The questions referred to in this release are as follows:
1. There will be an election for U.S. Senator from New Jersey. How much interest do you have in that election – a lot, some, a little, or none at all?
2. And if the election for Senator was held today, would you vote for Dick Zimmer the Republican, Frank Lautenberg the Democrat, or some other candidate? [NAMES WERE ROTATED]
Composite Table: Strength of Vote Choice
2. If the election for Senator was held today, would you vote for [ROTATE] Dick Zimmer the Republican, Frank Lautenberg the Democrat, or some other candidate?
3 At this moment do you lean more towards Zimmer or more towards Lautenberg?
4. Are you very sure about voting for [Name]; or might you change your mind before Election Day?
5. Do you approve or disapprove of the job Frank Lautenberg is doing as United States Senator?

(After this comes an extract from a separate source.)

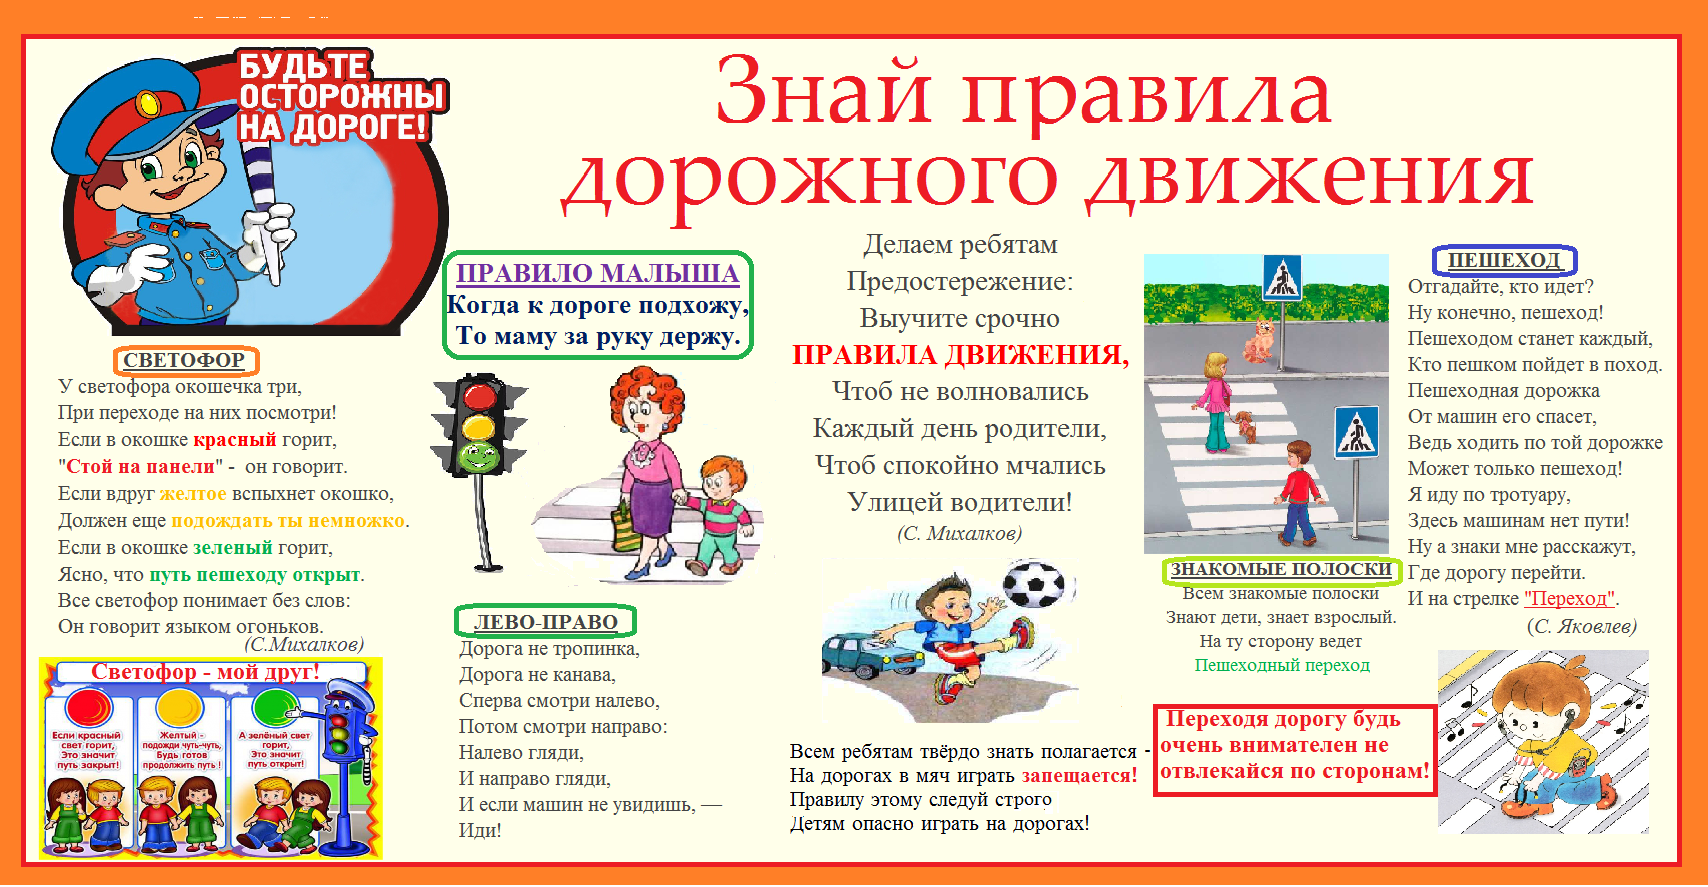 Полное правило пдд. Правила дорожного движения для детей. Плакат по правилам дорожного движения для школьников. Плакат по правилам дорожного движения для детей. ПДД правила дорожного движения.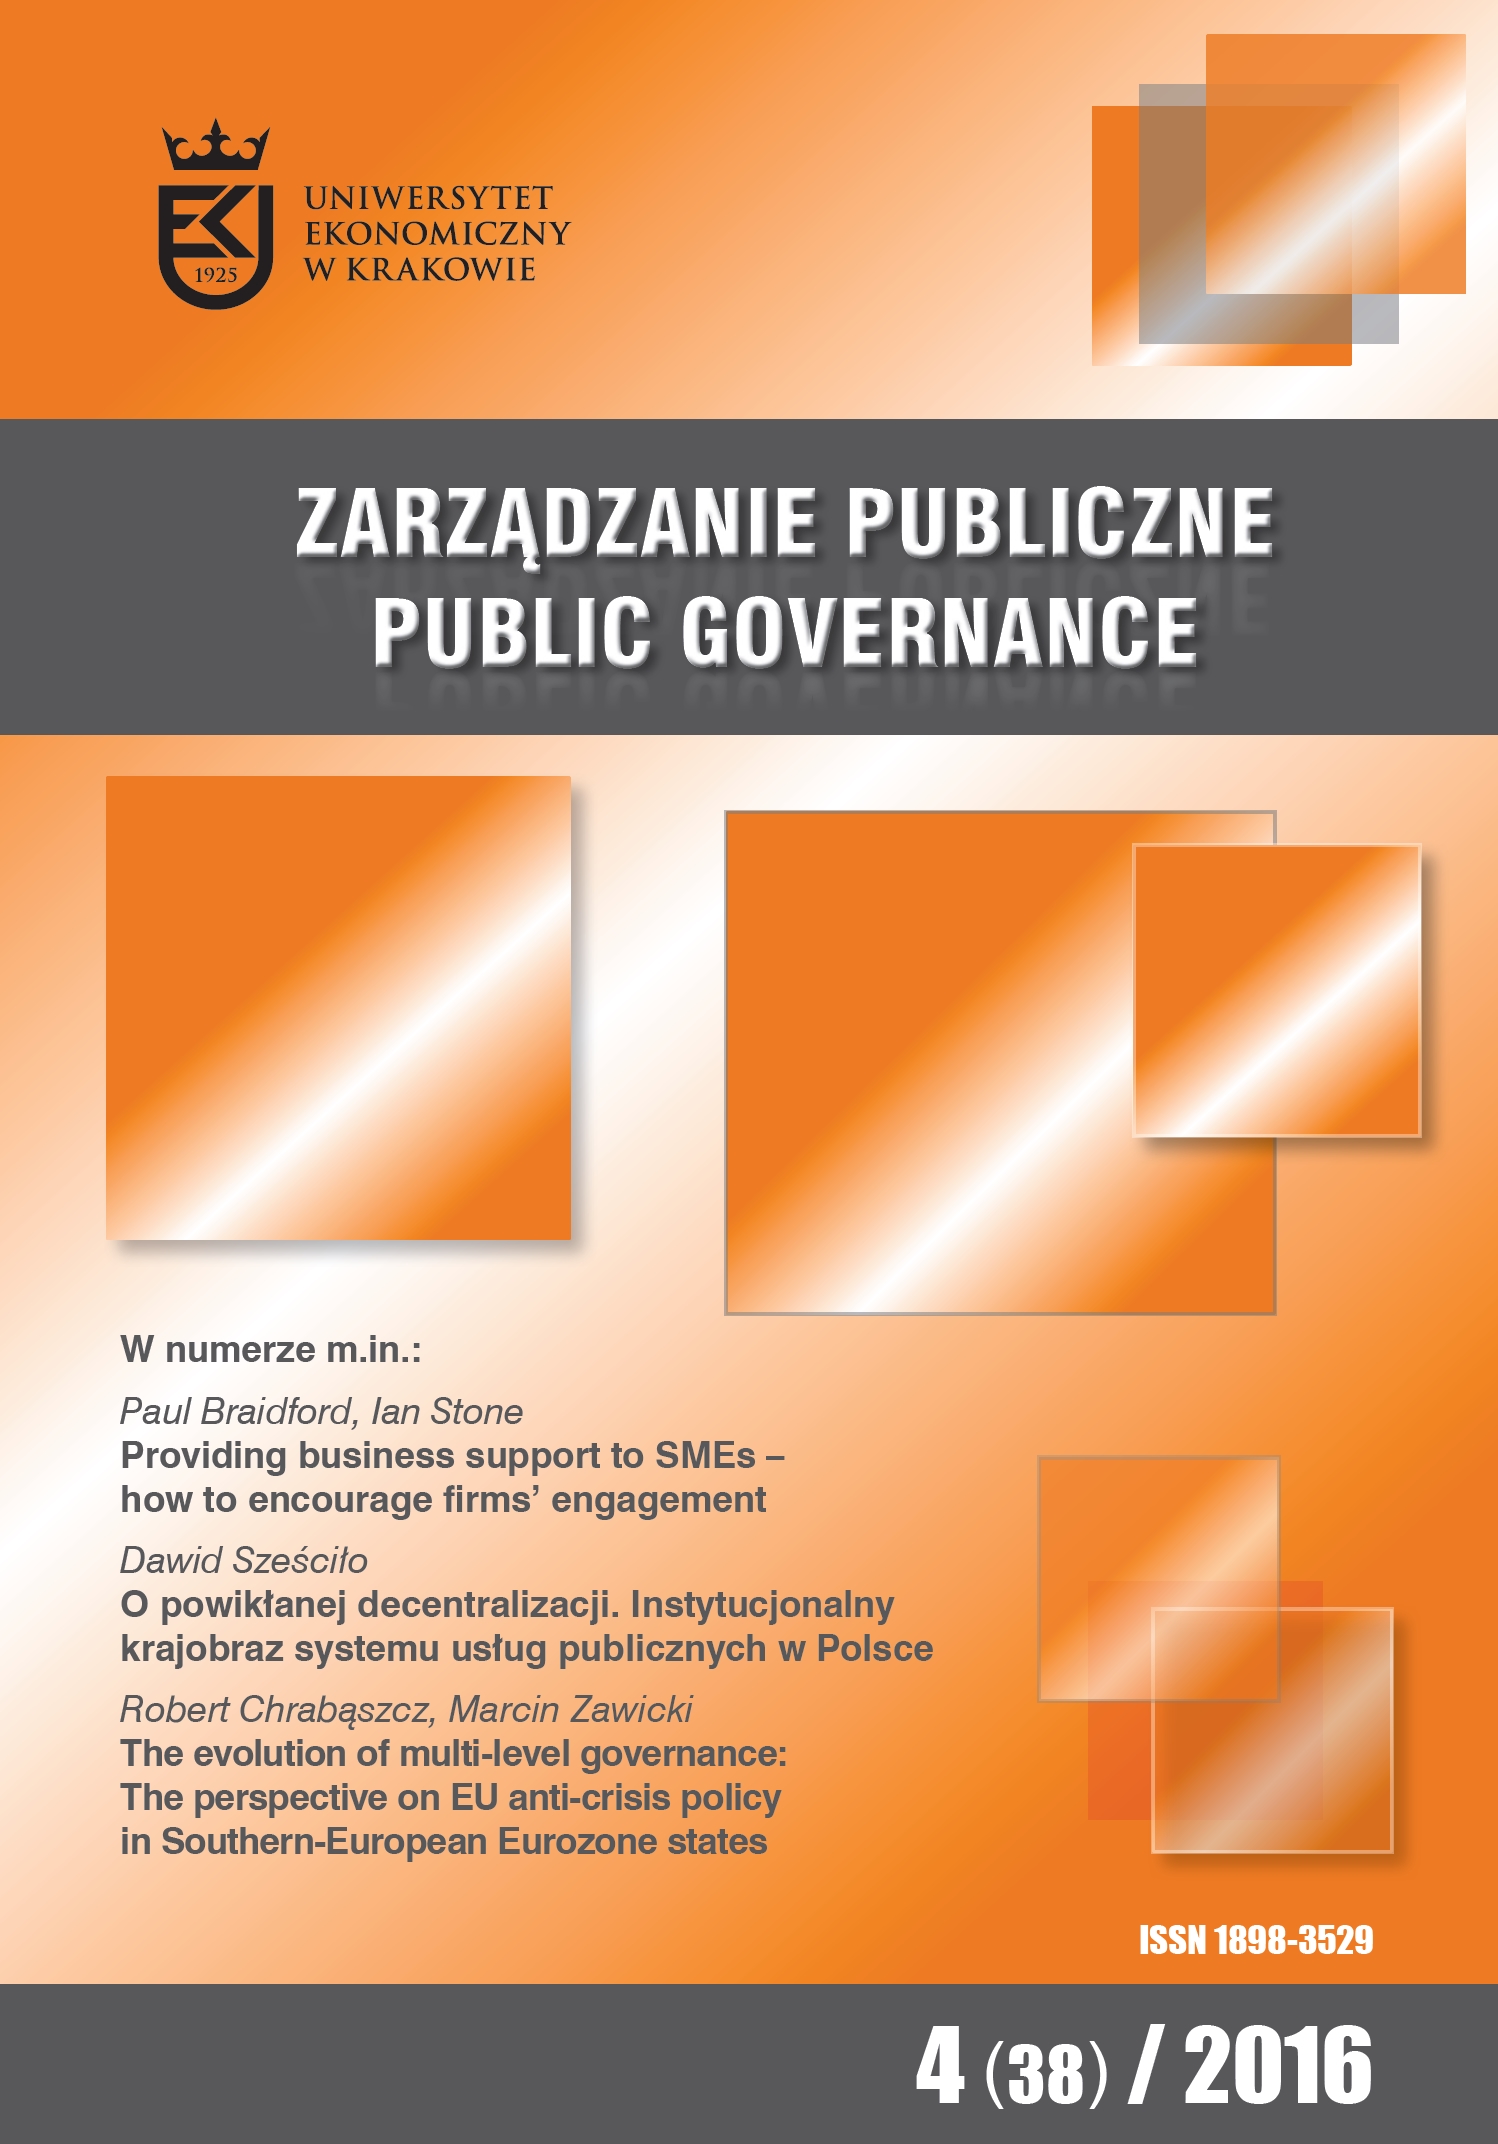 Ewolucja zarządzania wielopoziomowego (multi-level governance). Perspektywa polityki antykryzysowej UE w południowoeuropejskich państwach strefy euro

[QUESTIONS 6 AND 7 WERE ROTATED]
6. Is your general impression of Frank Lautenberg favorable or unfavorable, or don't you really have an opinion about him?
7. Is your general impression of Dick Zimmer favorable or unfavorable, or don't you really have an opinion about him?
8. Which candidate [READ] – Lautenberg, Zimmer, both, or neither one? [ITEMS WERE ROTATED]
A. Understands the problems of average New Jerseyans
B. Shares your views on economic issues
C. Shares your views on the war in Iraq
D. Will make sure New Jersey gets its fair share of federal funding
9. Do you think the campaign between Lautenberg and Zimmer is more likely to be positive where the candidates talk about the issues or more likely to be negative where the candidate’s attack each other?
[Question 10 was asked of a random sub-sample: moe= ± 4.7%]
10 Do you agree or disagree that Frank Lautenberg is too old to be an effective senator?
[Question 11 was asked of a random sub-sample: moe= ± 4.7%]
11. In general, do you agree or disagree that someone 84 years of age is probably too old to be an effective senator?
12. How closely have you been following the campaign for U.S. Senate so far – very closely, somewhat closely, or not very closely?
The Monmouth University/Gannett New Jersey Poll was conducted and analyzed by the Monmouth University Polling Institute research staff. The telephone interviews were collected by Braun Research on July 17-21, 2008 with a statewide random sample of 874 registered voters. For results based on this voter sample, one can say with 95% confidence that the error attributable to sampling has a maximum margin of plus or minus 3.3 percentage points. Sampling error increases as the sample size decreases, so statements based on various population subgroups, such as separate figures reported by gender or party identification, are subject to more error than are statements based on the total sample. In addition to sampling error, one should bear in mind that question wording and practical difficulties in conducting surveys can introduce error or bias into the findings of opinion polls.
It is the Monmouth University Polling Institute’s policy to conduct surveys of all adult New Jersey residents, including voters and non-voters, on issues which affect the state. Specific voter surveys are conducted when appropriate during election cycles.